WHAT THE EXERCISE ASKS ▸ Please give back the listing below word for word, without the images.

INFORMATION SHOWN ▸
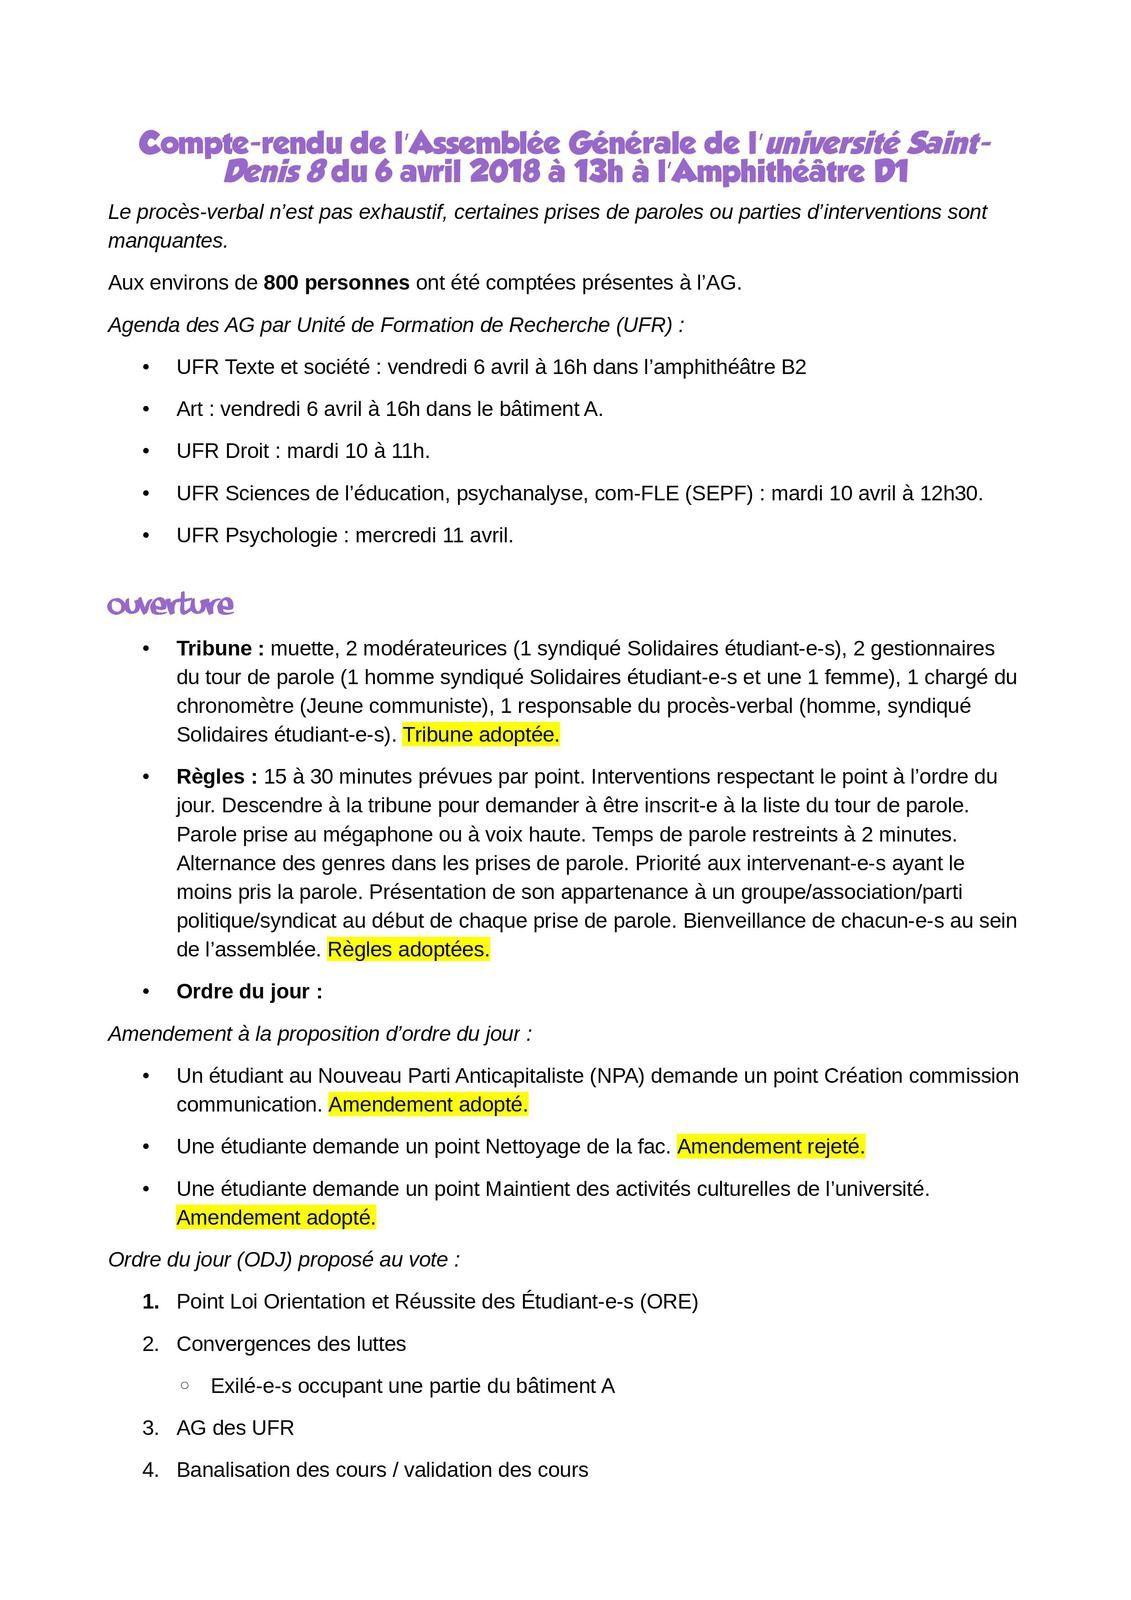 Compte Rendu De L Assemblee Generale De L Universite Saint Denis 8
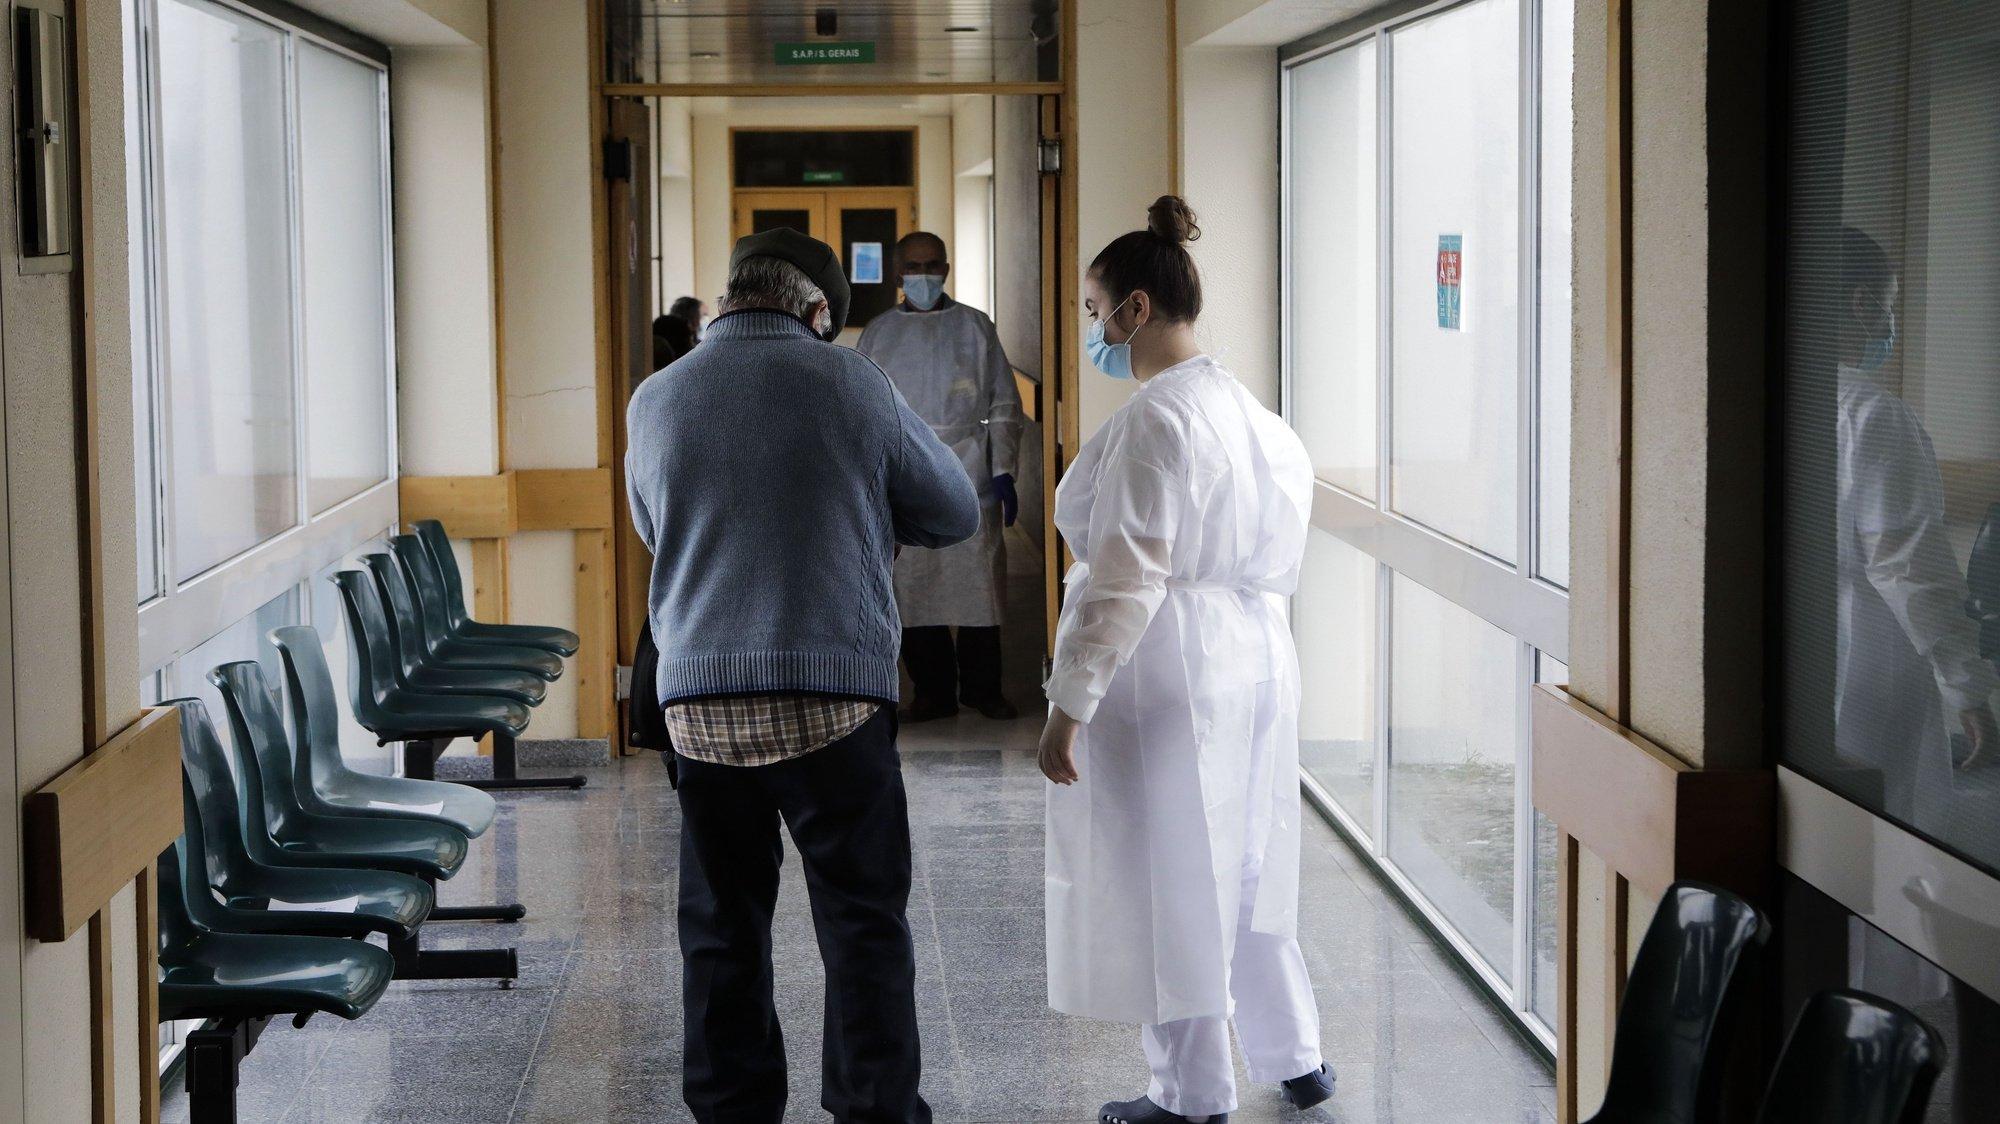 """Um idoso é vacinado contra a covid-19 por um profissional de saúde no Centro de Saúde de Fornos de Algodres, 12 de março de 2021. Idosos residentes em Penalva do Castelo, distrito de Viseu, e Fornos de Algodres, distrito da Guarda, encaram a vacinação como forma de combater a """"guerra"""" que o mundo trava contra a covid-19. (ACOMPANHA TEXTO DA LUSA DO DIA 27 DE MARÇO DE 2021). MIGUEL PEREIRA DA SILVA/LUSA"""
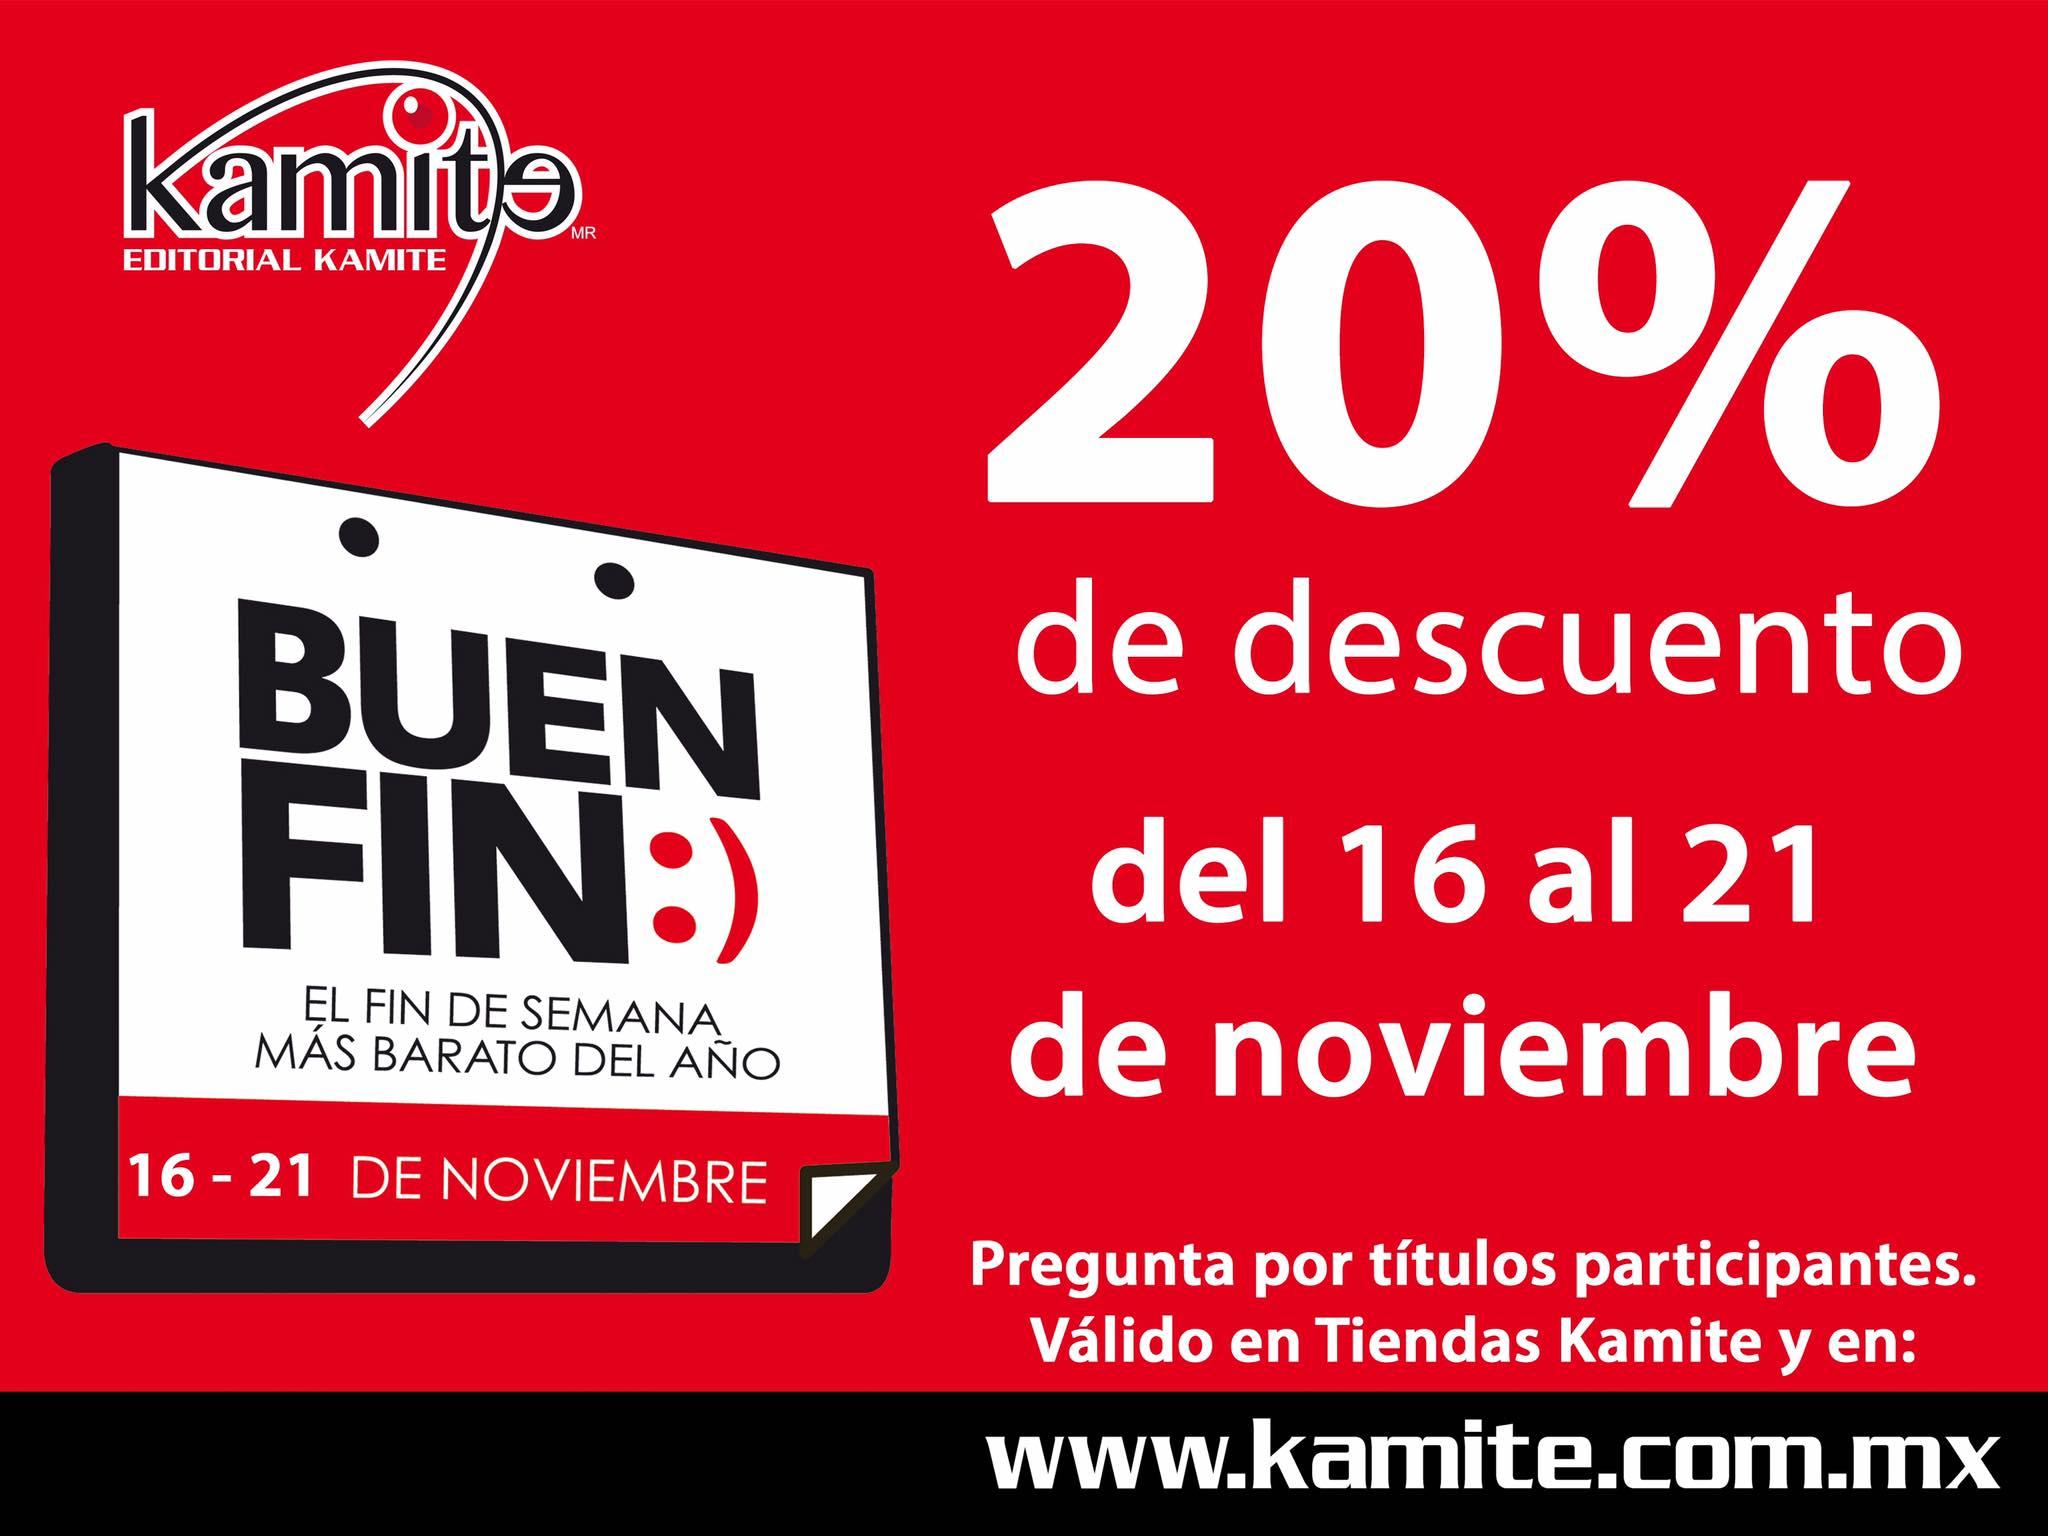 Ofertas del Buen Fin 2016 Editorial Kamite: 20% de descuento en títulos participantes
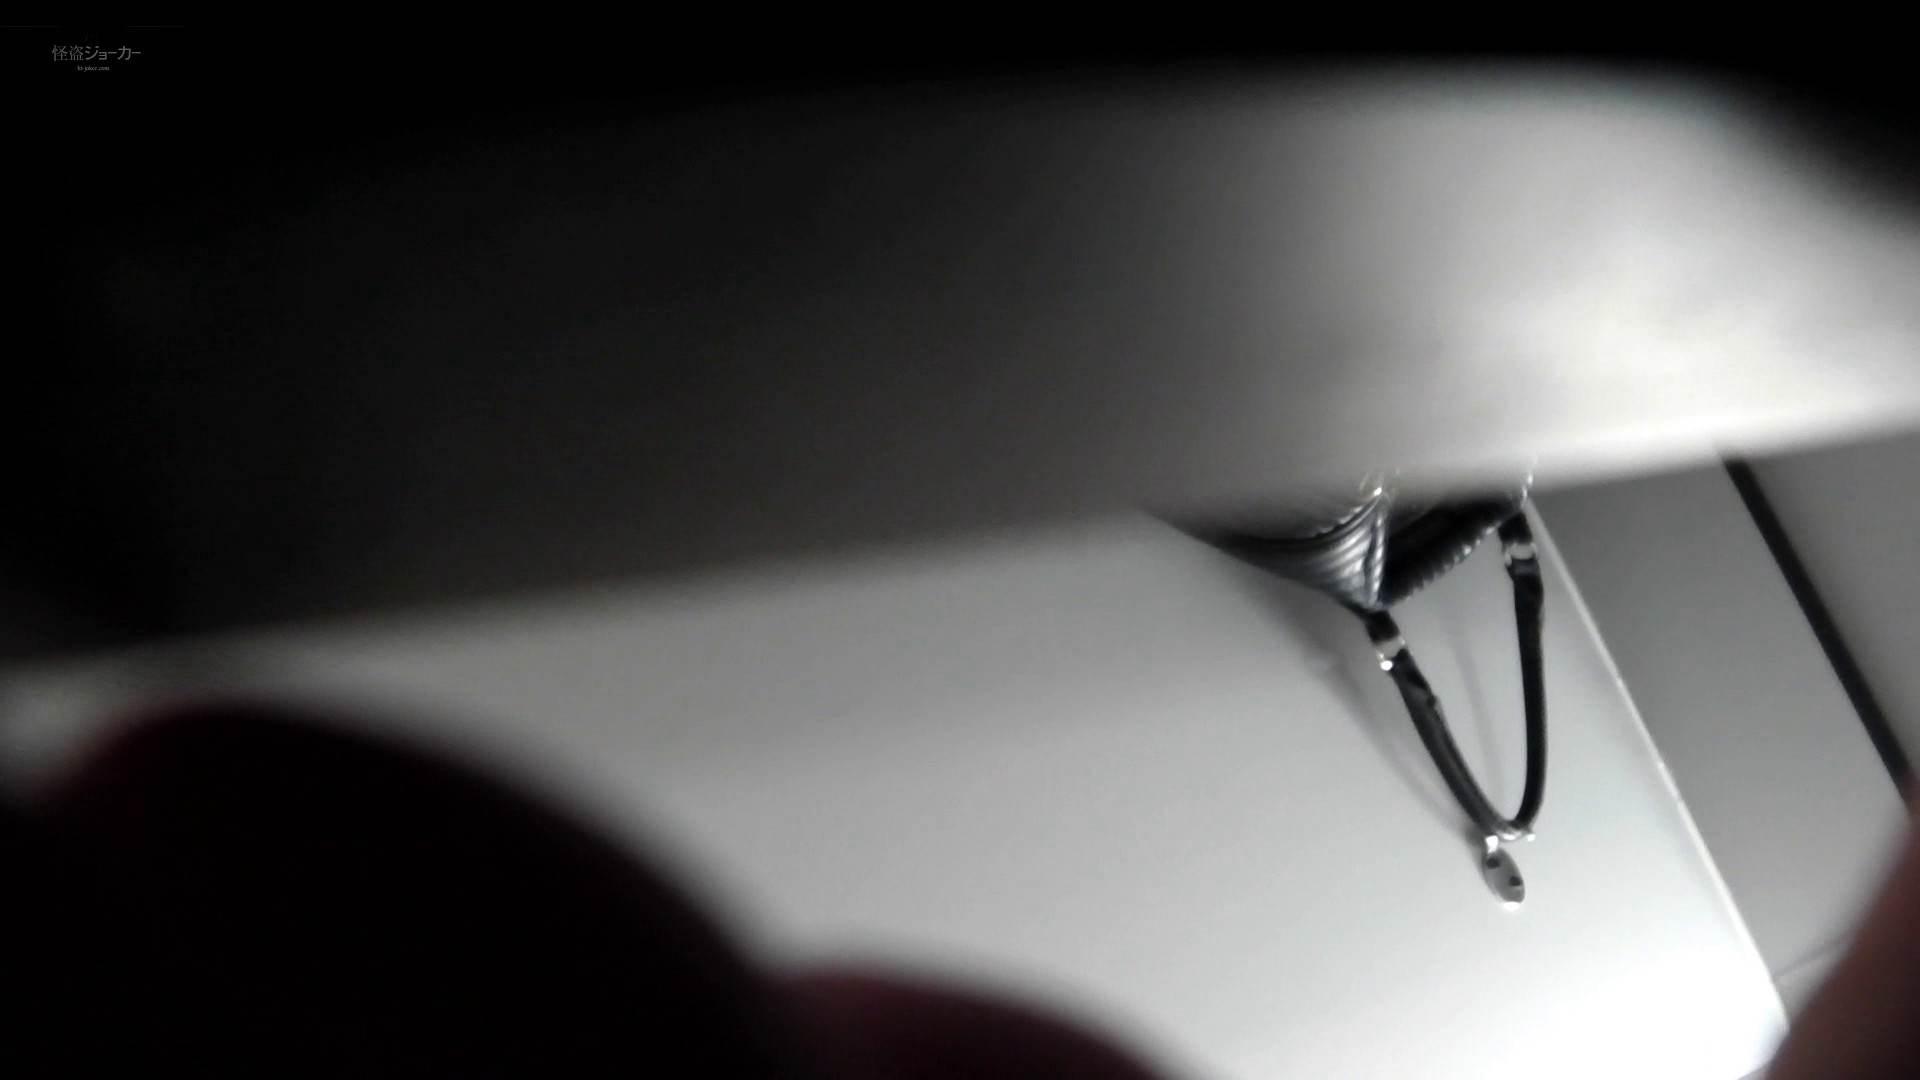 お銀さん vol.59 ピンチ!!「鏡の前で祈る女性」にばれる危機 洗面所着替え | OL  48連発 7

TASK ANSWER ▸
 Compte Rendu De L Assemblee Generale De L Universite Saint Denis 8
 """Um idoso é vacinado contra a covid-19 por um profissional de saúde no Centro de Saúde de Fornos de Algodres, 12 de março de 2021. Idosos residentes em Penalva do Castelo, distrito de Viseu, e Fornos de Algodres, distrito da Guarda, encaram a vacinação como forma de combater a """"guerra"""" que o mundo trava contra a covid-19. (ACOMPANHA TEXTO DA LUSA DO DIA 27 DE MARÇO DE 2021). MIGUEL PEREIRA DA SILVA/LUSA"""
 Ofertas del Buen Fin 2016 Editorial Kamite: 20% de descuento en títulos participantes
 お銀さん vol.59 ピンチ!!「鏡の前で祈る女性」にばれる危機 洗面所着替え | OL  48連発 7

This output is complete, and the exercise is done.